Accessibility values with 5 mM Ni-EDDA varied from 0.35 to 0.55 for all positions except for position 46, which was 0.23. Values larger than 0.25 are considered to be from residues on the surface of a helix, whereas those smaller than 0.25 are from those buried by tertiary contacts (53).

Discussion

Conformation of the N-Terminus of Human αII-Spectrin

The sequence for the scanned region (residues 9 – 47) in αII-spectrin is 85 % similar and 69 % identical to that in αI-spectrin (residues 18 – 56, using italic font for αI-spectrin residue numbers to reduce potential confusion) (Fig 1). The alignment also shows that residues corresponding to residues 2 – 10 in αI-spectrin are missing in αII-spectrin (38). Based on sequence alignment with αI-spectrin and the NMR structure of the first 156 residues of αI-spectrin (17), the putative structure of residues 1 – 47 in αII consists of an unstructured region (residues 1 – 11), Helix C′ (residues 12 – 36), the unstructured junction region (residues 37 – 43), and a part of Helix A1 of the first structural domain (residues 44 – 47). However, our current studies show that the conformation of αII, at least of the scanned region, differs from this predicted conformation, in spite of high sequence homology with αI-spectrin.

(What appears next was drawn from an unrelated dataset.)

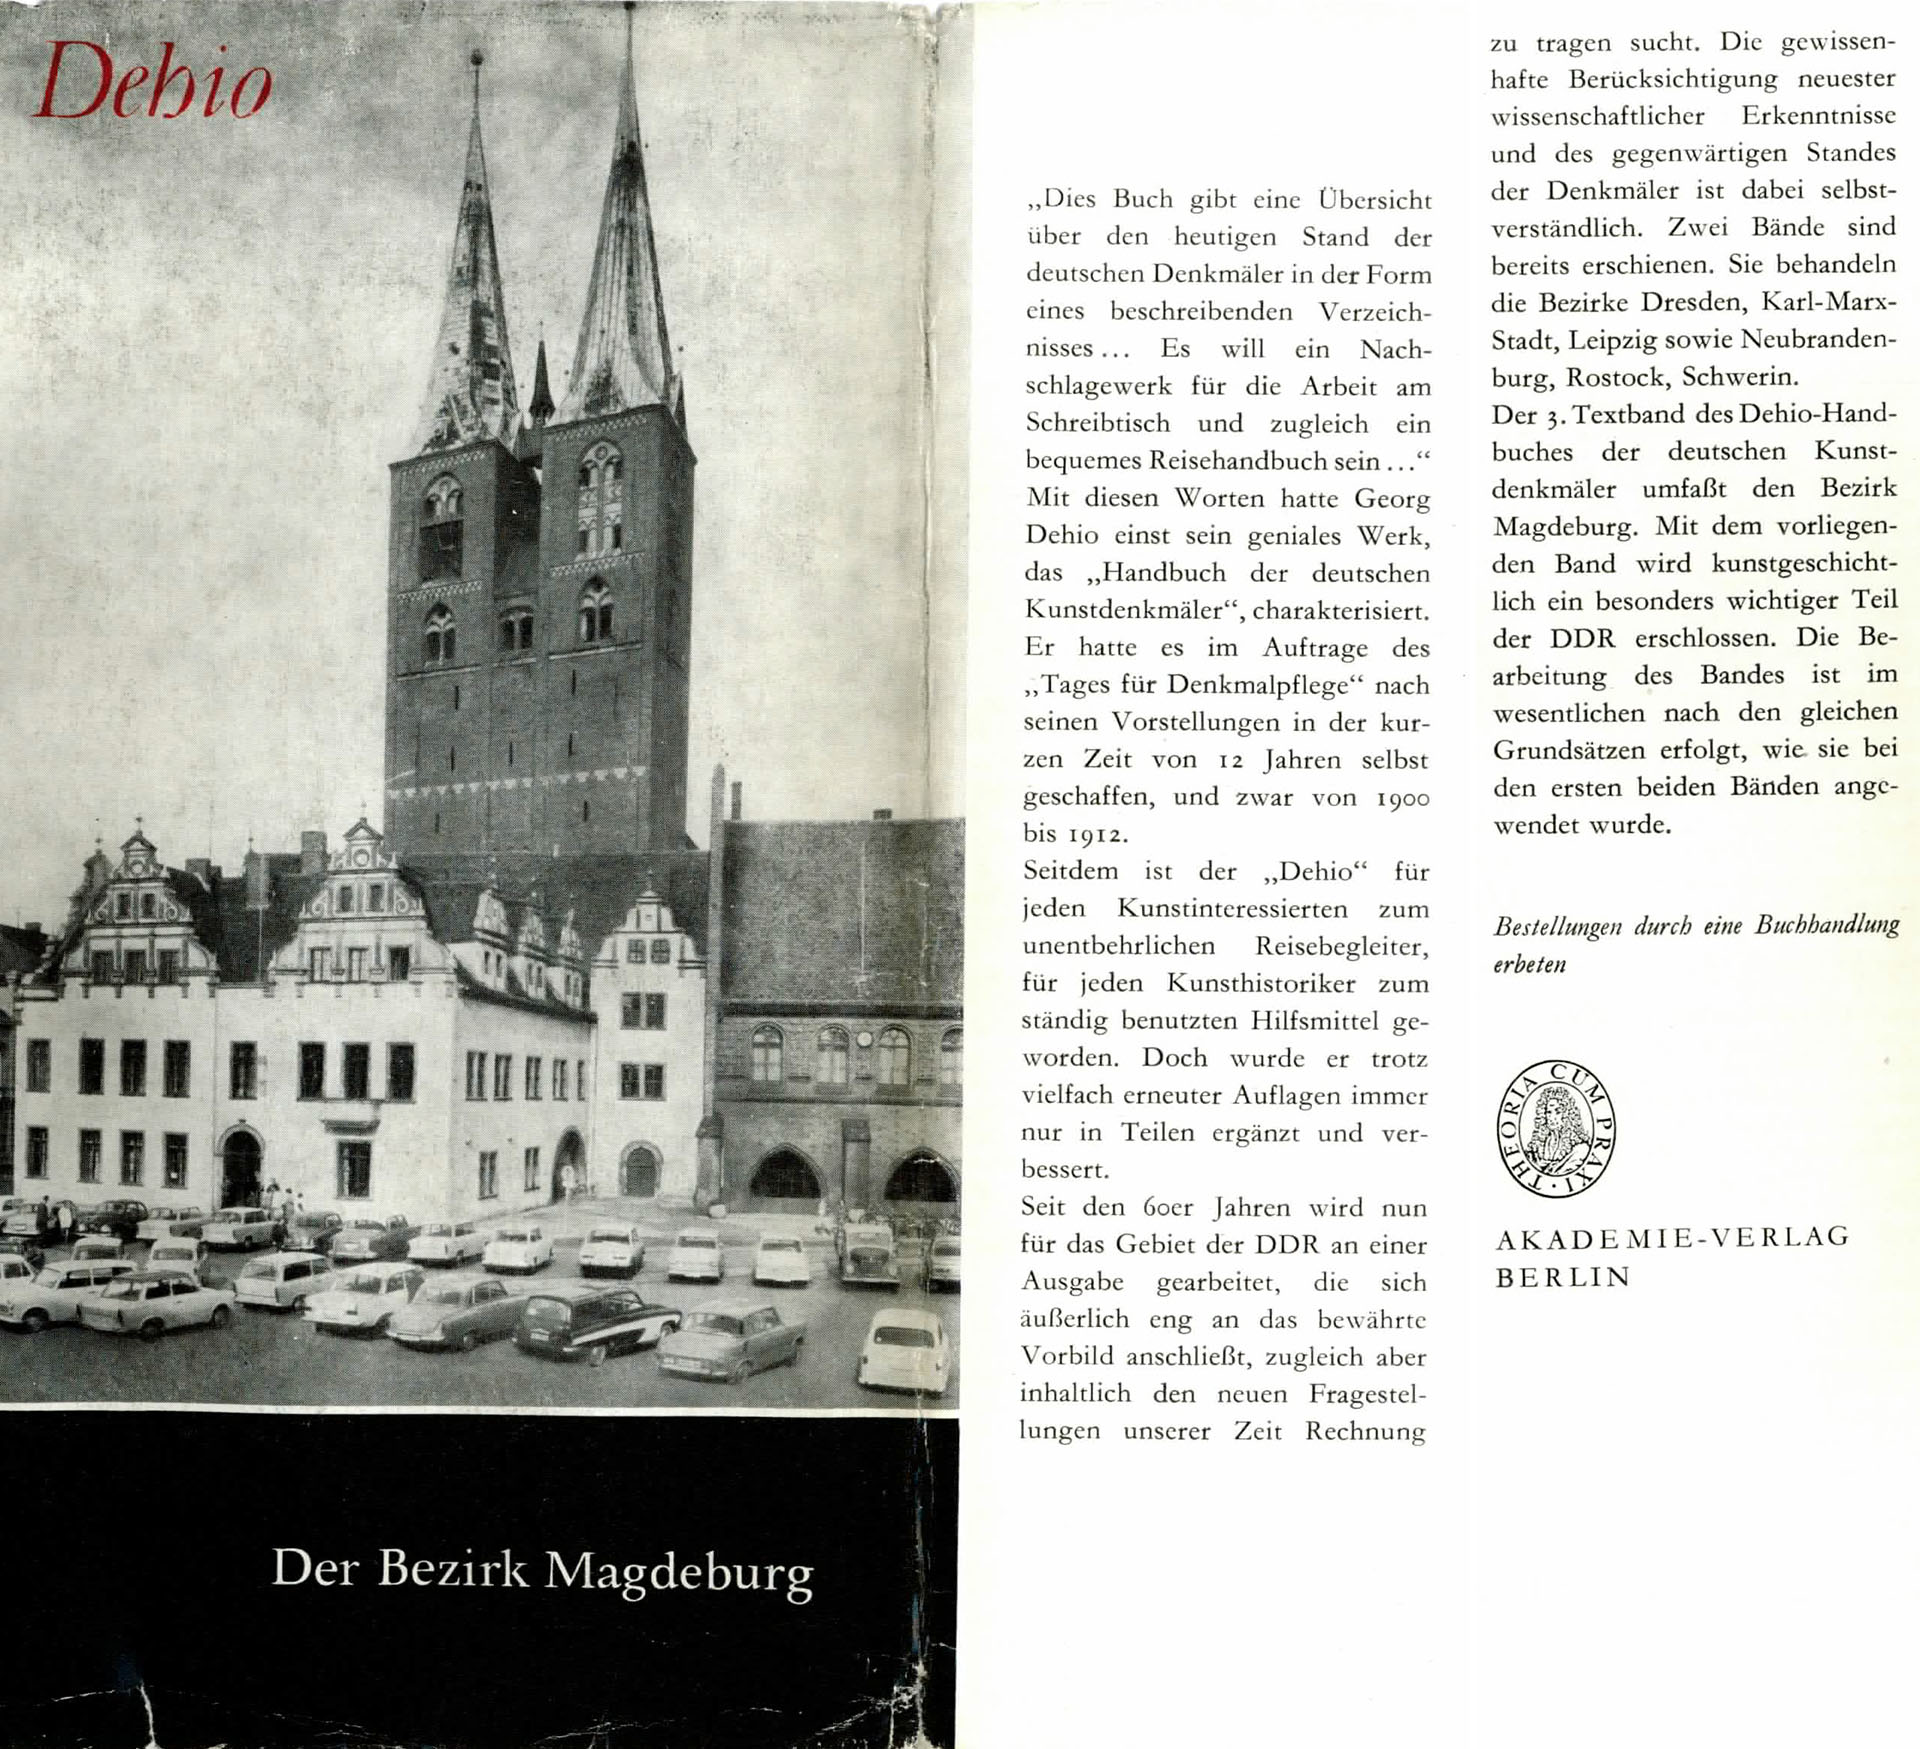 Handbuch der deutschen Kunstdenkmäler (Der Bezirk Magdeburg) - Dehio, Georg
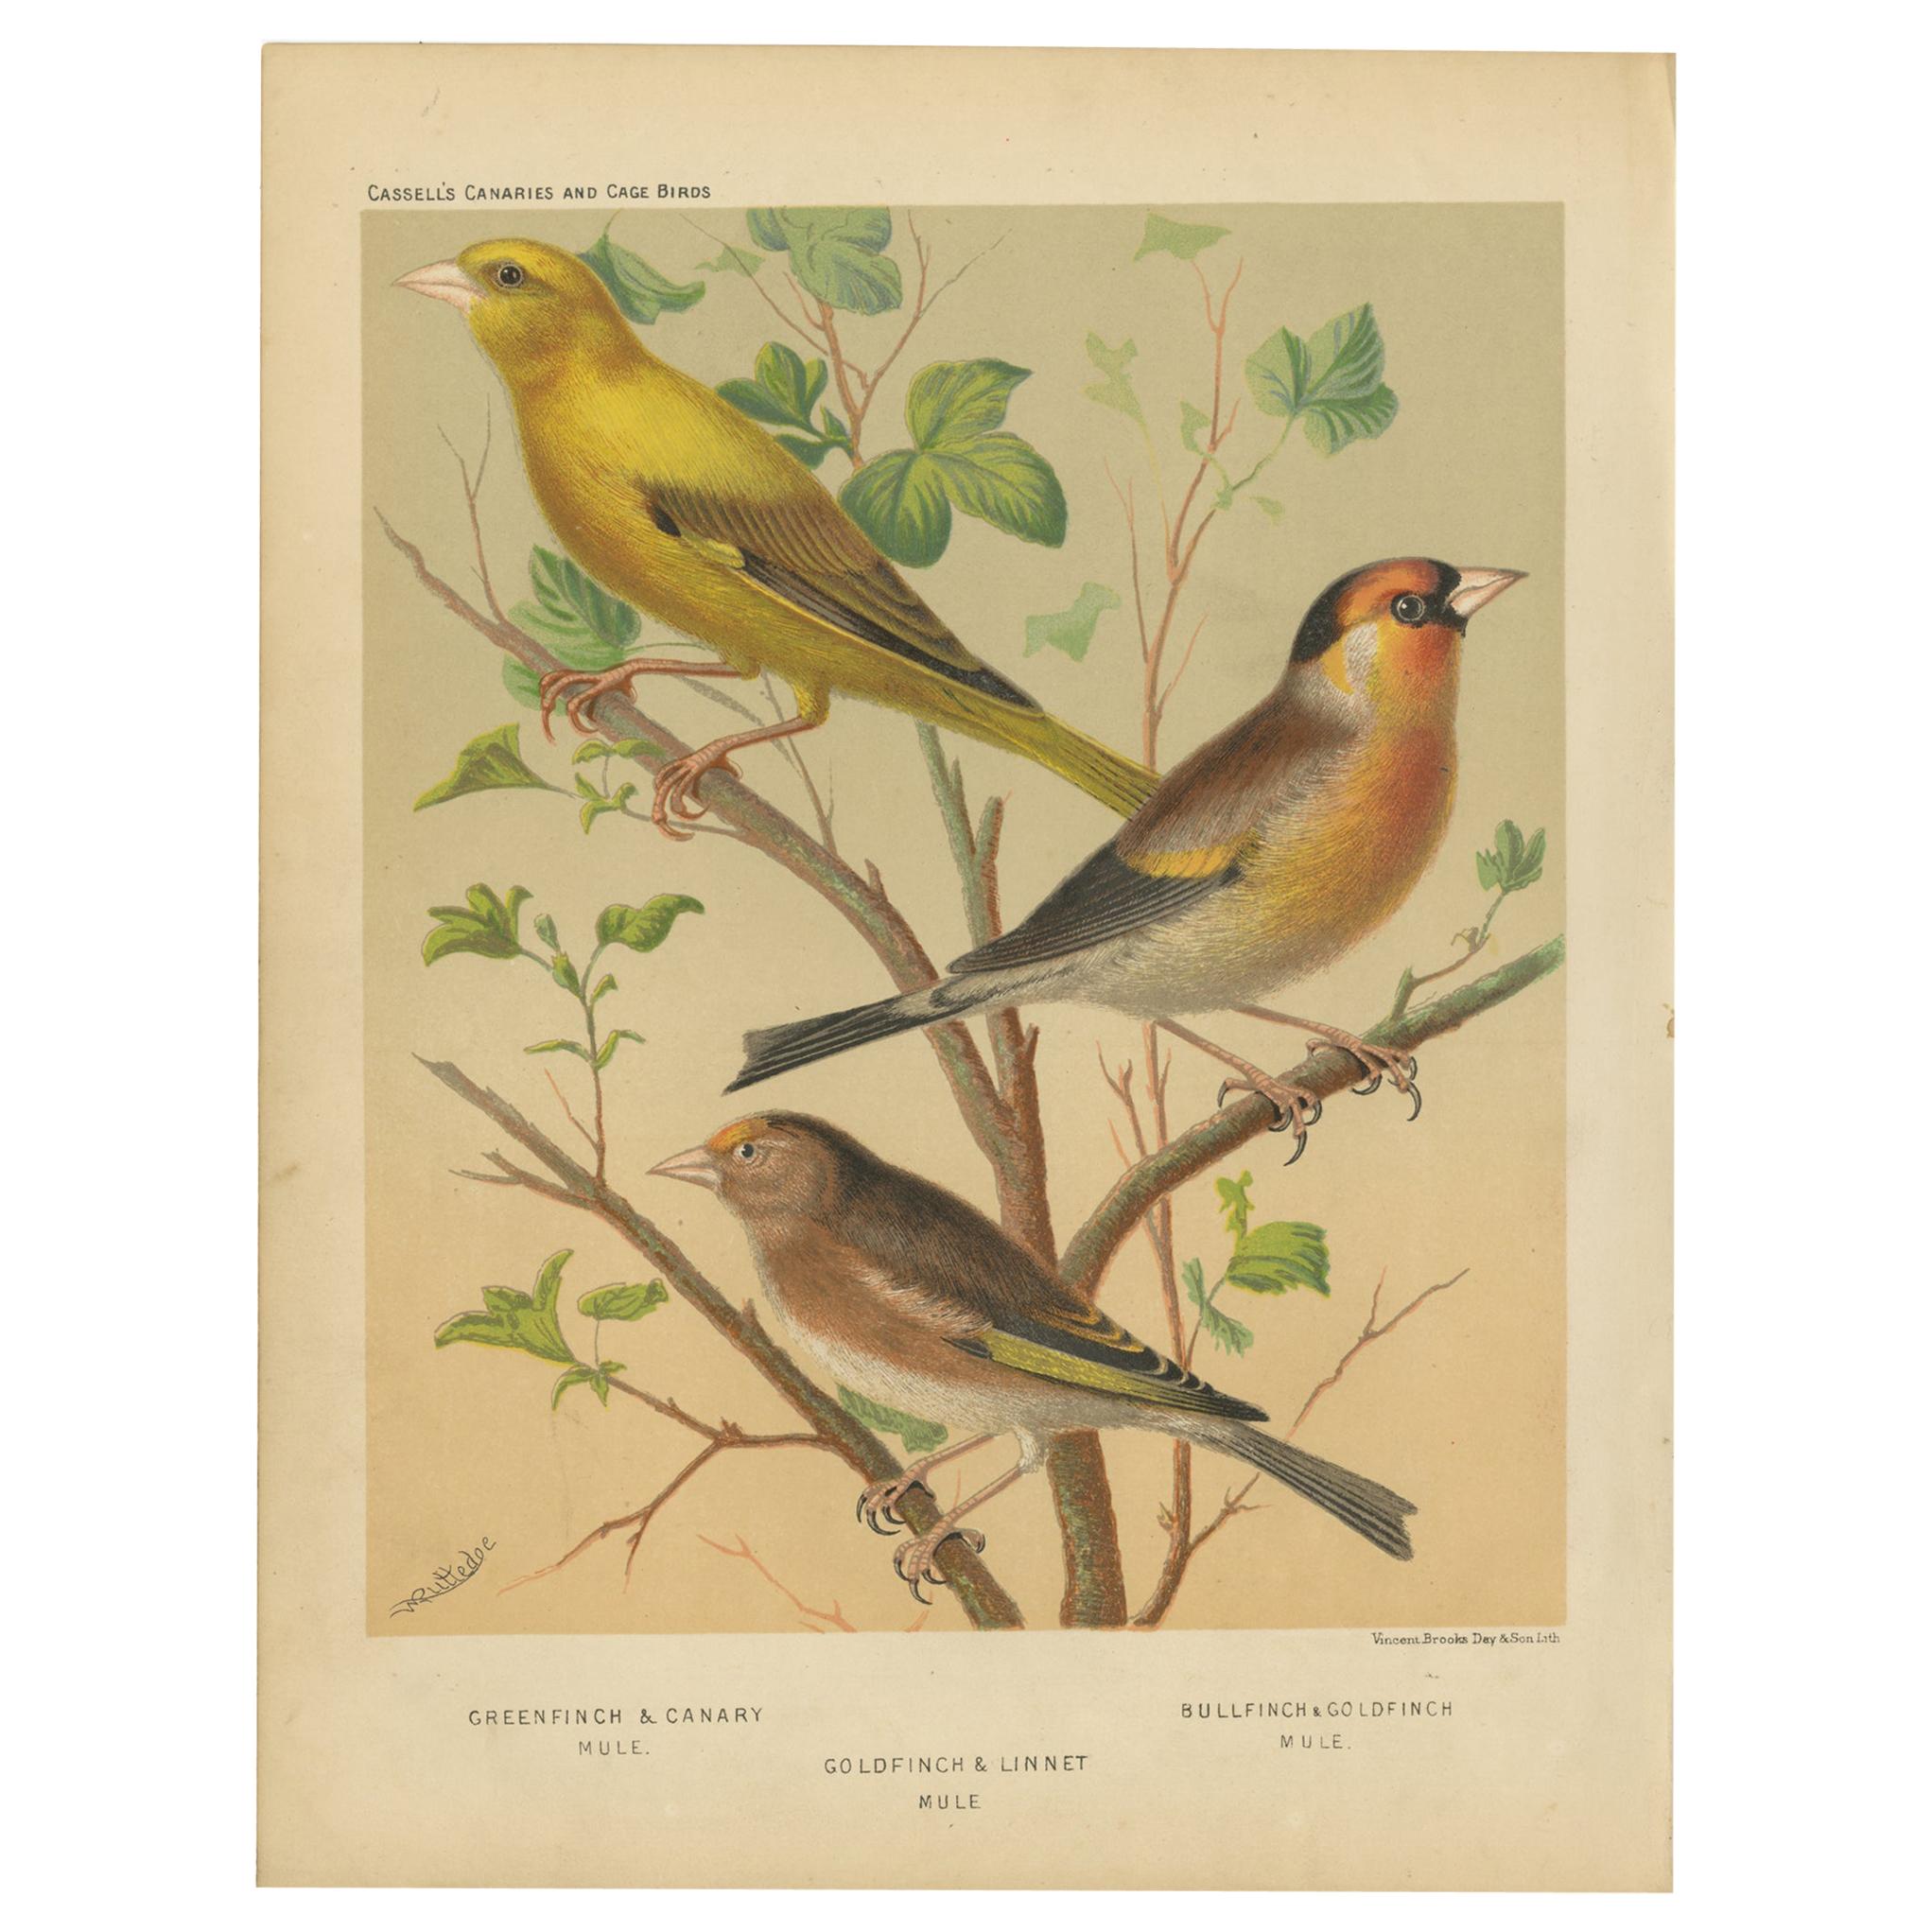 Antiker Vogeldruck aus Greenfinch & Canary Pantoletten, Goldfinch & Linnet und anderen

The oscillating periodicity of 3.5 for τcII (of Component II) as a function of residue position suggested a helical conformation, which we discuss below. First, we discuss the motional components that we observed for residues 9 – 47. Component I was the fast, unconstrained motional component (about 1.4 ns) and thus was associated with unstructured conformation. Component II was from the labeled side chain being immobilized due to restricted χ45 rotation and reflecting backbone motions, or backbone conformations. Component III was strongly immobilized (τc = 53 ns, or at least larger than 20 ns) with little χ45 rotation and reflecting an overall protein motion. The amount of Component III was fairly constant for most of the residues. For each residue, Components I and II coexisted, but the amounts of each component varied as a function of the residue position. It is interesting to note that other EPR studies have identified multiple motional components for a single labeled site. For example, residue 11 in a helix of spin labeled phospholamban exhibits 25 % of a fast motional component (0.63 ns) and 75 % of a slow motional component (4.2 ns) and were attributed to two conformations of helix in equilibrium (54). However, we are not aware of other publications with varying amounts of a particular motional component (such as our Component I) as a function of residue position.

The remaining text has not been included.